## Try it
In the entries below, find the line with "1000 Words - Cover" and print exactly every line from there up to and including the line with "Crown Jewel Couture", with no other lines.

## Exercise data
--------

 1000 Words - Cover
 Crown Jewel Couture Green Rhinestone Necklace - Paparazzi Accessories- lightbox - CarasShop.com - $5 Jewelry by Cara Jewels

--------

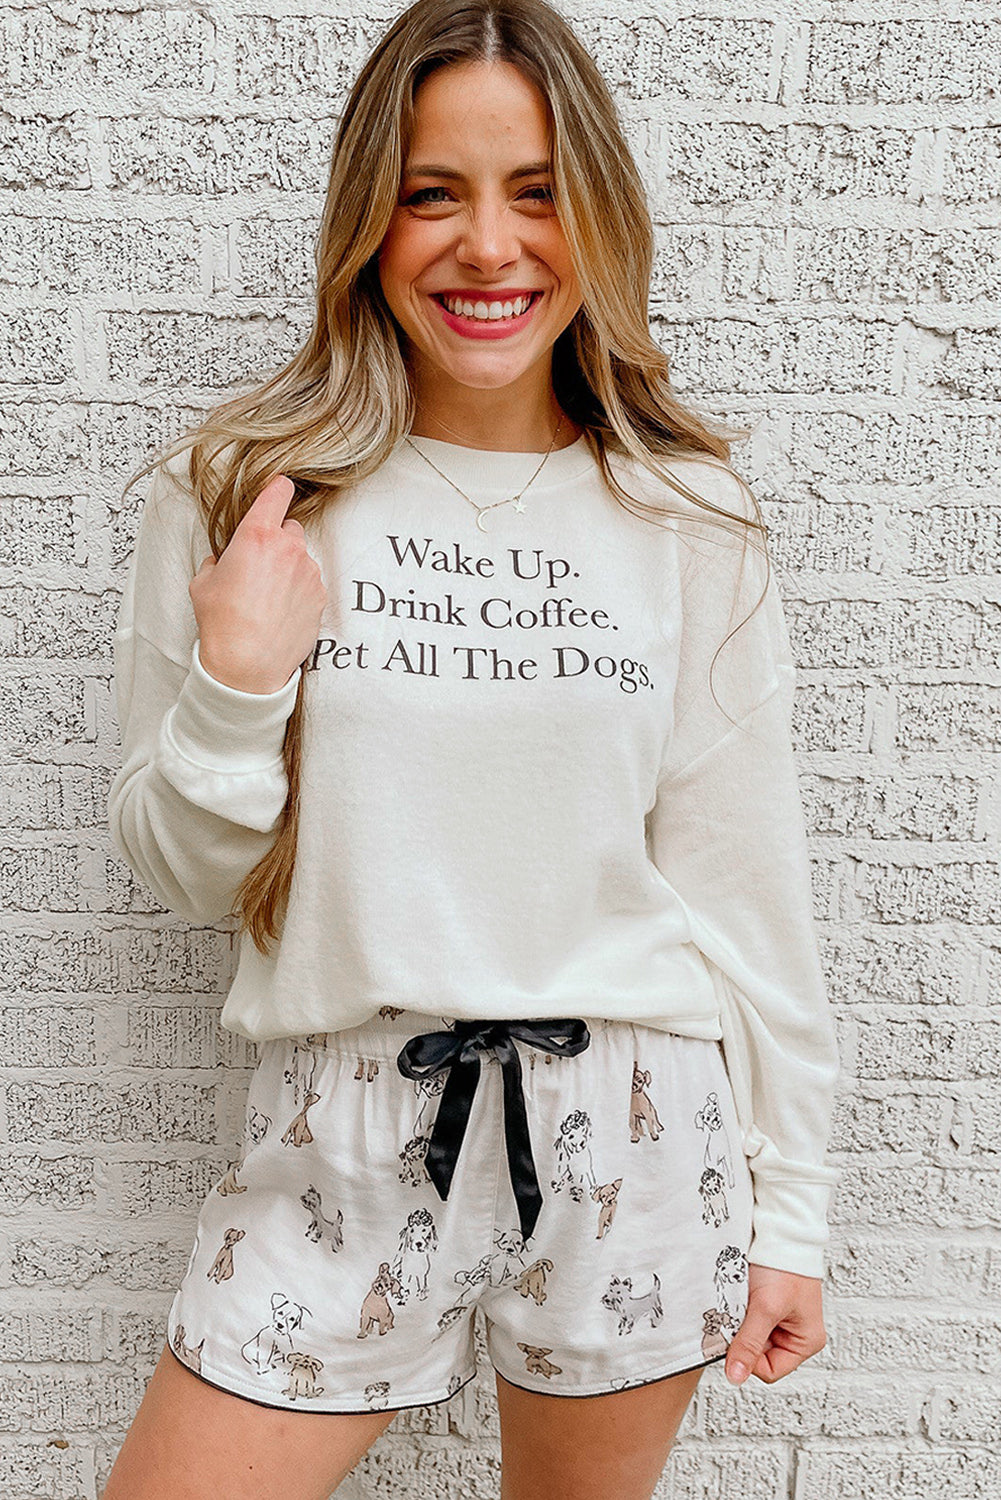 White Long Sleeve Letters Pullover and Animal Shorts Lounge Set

--------

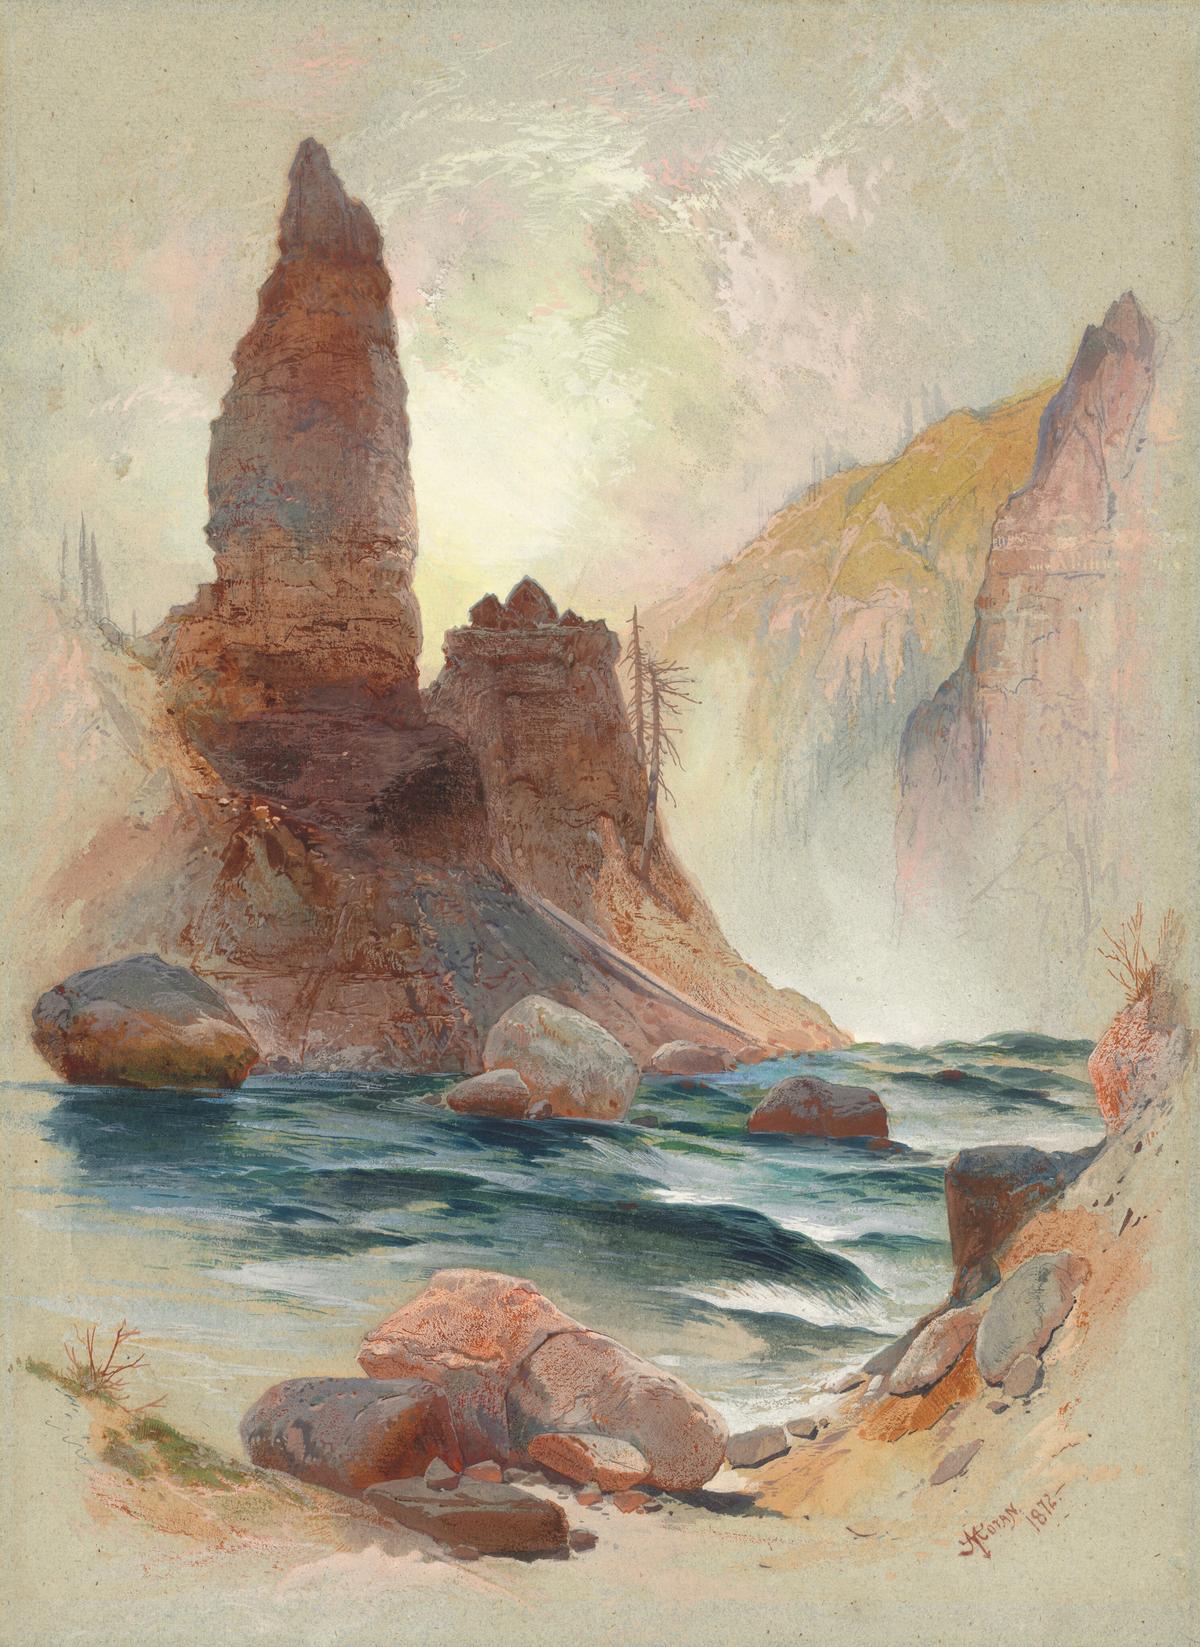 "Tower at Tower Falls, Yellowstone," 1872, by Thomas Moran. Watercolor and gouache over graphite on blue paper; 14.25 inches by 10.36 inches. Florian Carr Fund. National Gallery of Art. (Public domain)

--------

## Task result
 1000 Words - Cover
 Crown Jewel Couture Green Rhinestone Necklace - Paparazzi Accessories- lightbox - CarasShop.com - $5 Jewelry by Cara Jewels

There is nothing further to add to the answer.